Stored data>
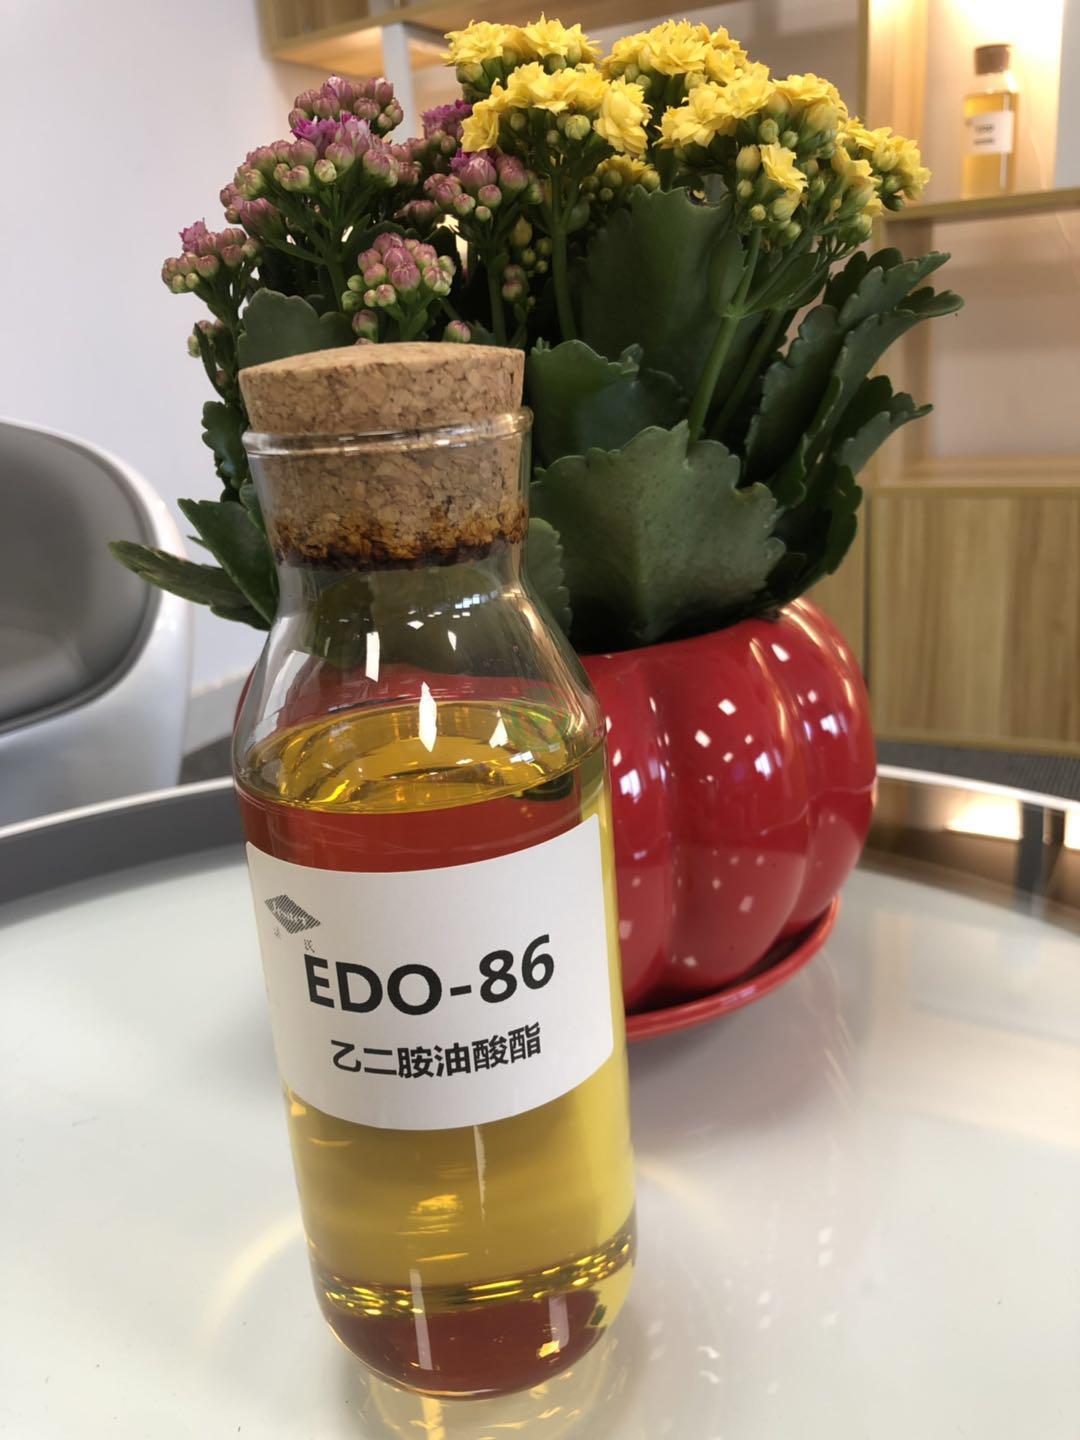 乙二胺油酸酯EDO-86
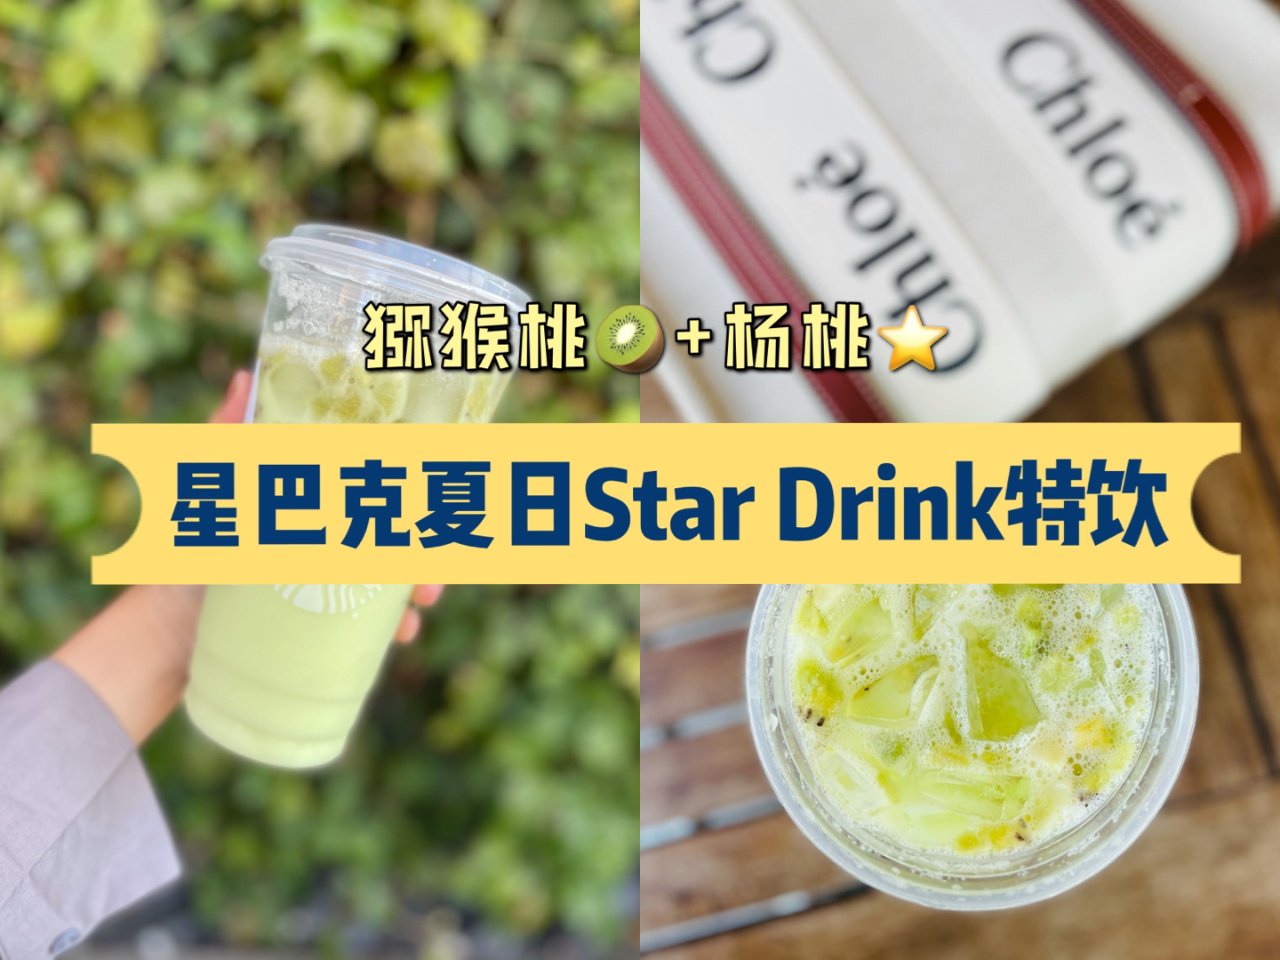 星巴克Star Drink猕猴桃🥝+杨桃...
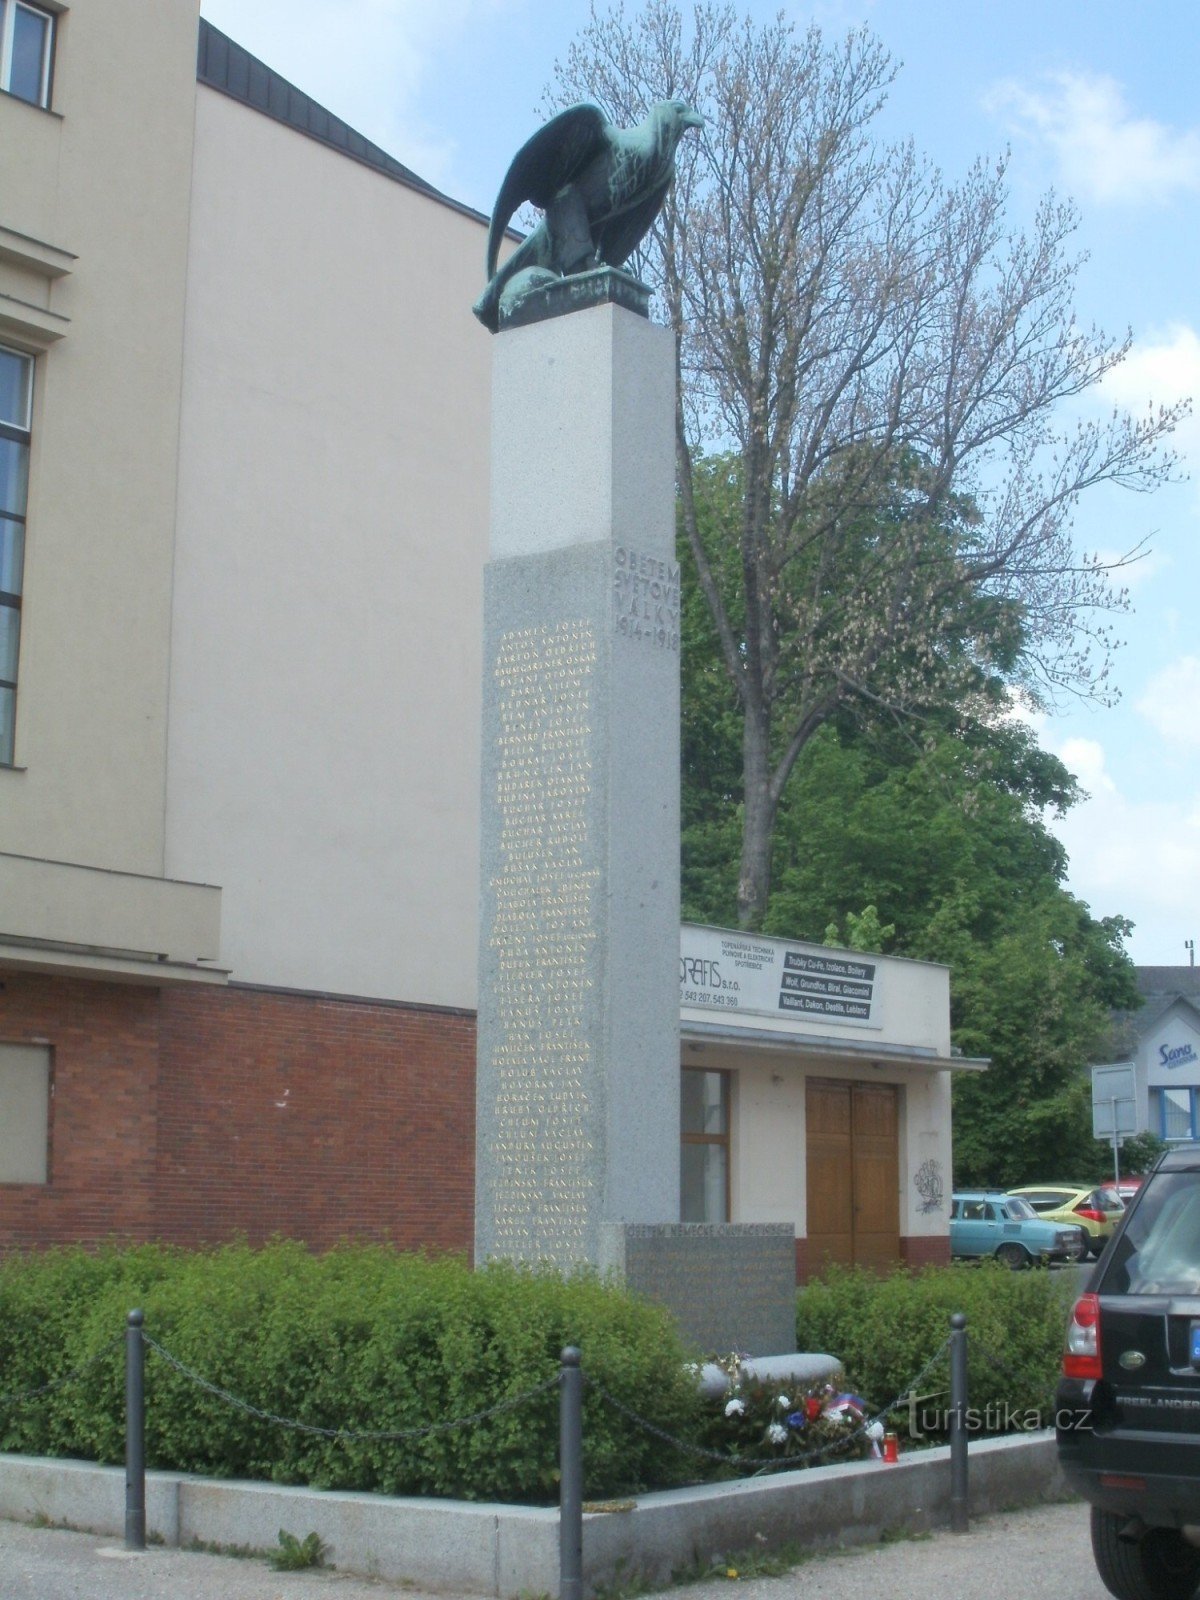 Йилемнице - памятник жертвам войн

Activity>
All of the material above must be retyped exactly, line for line, with the images dropped.

Exercise answer>
 乙二胺油酸酯EDO-86
 星巴克Star Drink猕猴桃🥝+杨桃...
 Йилемнице - памятник жертвам войн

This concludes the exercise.